Светлый фон

Что включают в себя эти споры, каково их значение для русской литературной традиции – вот вопросы, тесно связанные с амбивалентностью гротескных жанров, таких как «трагедия-сатира». Опала, в которую Шостакович попал в 1936 году, предположительно, была вызвана тем, что в опере музыка «умышленно» «крякает, ухает, пыхтит, задыхается» – все глаголы взяты из «Сумбура вместо музыки», – а ее сюжет отличается откровенной разнузданностью. Кроме того, «Леди Макбет» обвиняли в отсутствии именно того, о чем в 1934 году в своем предисловии к либретто композитор говорил как о важнейшем пункте его реформированной оперной эстетики, – «простой, общедоступной музыкальной речи». И все же эта вторая опера (при всем ее натурализме) была в гораздо большей степени песенной, чем ее предшественница «Нос», и пользовалась настолько большим успехом у публики, что эти нарекания представляются искажением действительности. Шостакович оказался подлинной жертвой жестокого и ханжеского сталинизма – образ, отполированный до ослепительного сияния в книге Соломона Волкова о композиторе, вышедшей в 1979 году. Этот образ покорил Запад. Однако вскоре раздался могучий голос возразившего ему Ричарда Тарускина. В 1989–1997 годах, сохраняя полное уважение к Шостаковичу и его гению, Тарускин доказывал, что «Леди Макбет Мценского уезда» была «сталинской» оперой – или, по самой скромной мерке, оперой, которая изо всех сил пыталась приспособить народный (и от этого еще более опасный) драматико-музыкальный язык к идеологическим приоритетам сталинизма[280]. Тарускин усматривал гротескность не в плане стилистики или музыки, но в плане социальном и моральном.

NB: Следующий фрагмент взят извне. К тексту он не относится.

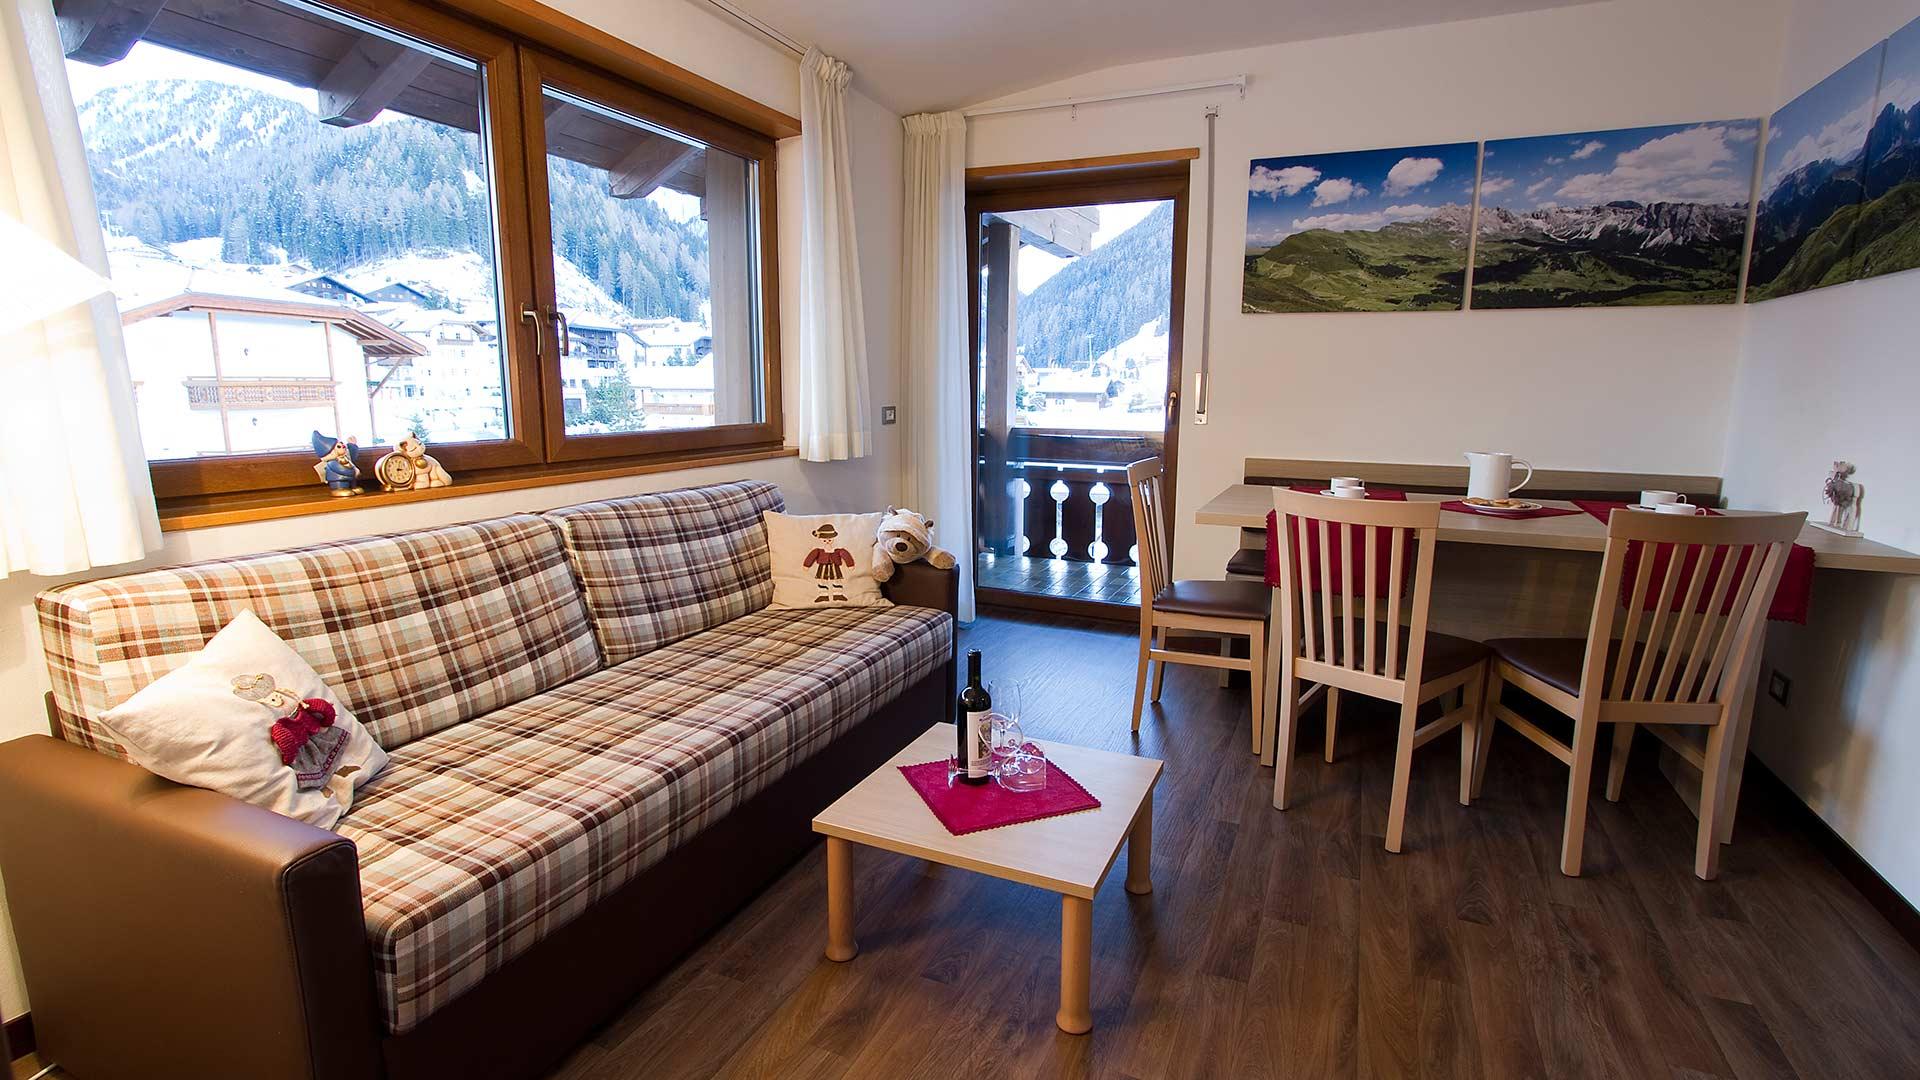 Apartments Ariola - Selva - Val Gardena - Dolomites - Italy

Вот доводы, которые Тарускин приводил для доказательства моральной ущербности оперы. Лесков создал свою Катерину такой, чтобы она казалась грешницей, нимфоманкой и четырежды убийцей. Выбрав эту жуткую повесть в качестве источника для первой из запланированной им серии опер о героических русских женщинах, Шостакович очищает ее образ от самых отвратительных черт. Из либретто исчезает удушение Катериной (тогда беременной) юного наследника и племянника; на самом деле исчезает все, что касается беременности, к которой героиня Лескова была бессердечно равнодушна. Борис Тимофеевич превращается из дряхлого восьмидесятилетнего старца в бодрого патриарха, стремящегося осуществить свои права свекра по отношению к молодой жене своего уже немолодого слабовольного сына. Катерина действительно идет на убийство этих двух омерзительных типов, но в своих поступках и в своих музыкальных образах эти люди представлены как определенно заслужившие такой участи; более того, в случае Зиновия Борисовича смертельный удар наносит Сергей. Как только позволяет драматическое правдоподобие, у Катерины начинаются кошмарные видения призраков, она осознает свою вину, что напоминает о ее шекспировском прототипе (или, если искать поближе, то о царе Борисе Годунове, опера о котором обильно цитируется в музыке). Когда во время свадебного пира приходят полицейские, чтобы арестовать новобрачных, и Катерина понимает, что бежать уже слишком поздно, она просит простить ее новоиспеченного супруга и протягивает руки, чтобы их связали. Между тем Сергей пытается спастись бегством. В последнем, сибирском действии осуществляется полномасштабная лиризация судьбы Катерины. Даже в этом новом, гораздо более ужасном узилище она верит в любовь и справедливость, продолжая виниться перед Сережей, когда тот ухлестывает за другими женщинами, готовая обменять свои шерстяные чулки на ласковое слово. И ее предают. Из оперы исчезает все смешное и сатирическое. Остается только трагическое.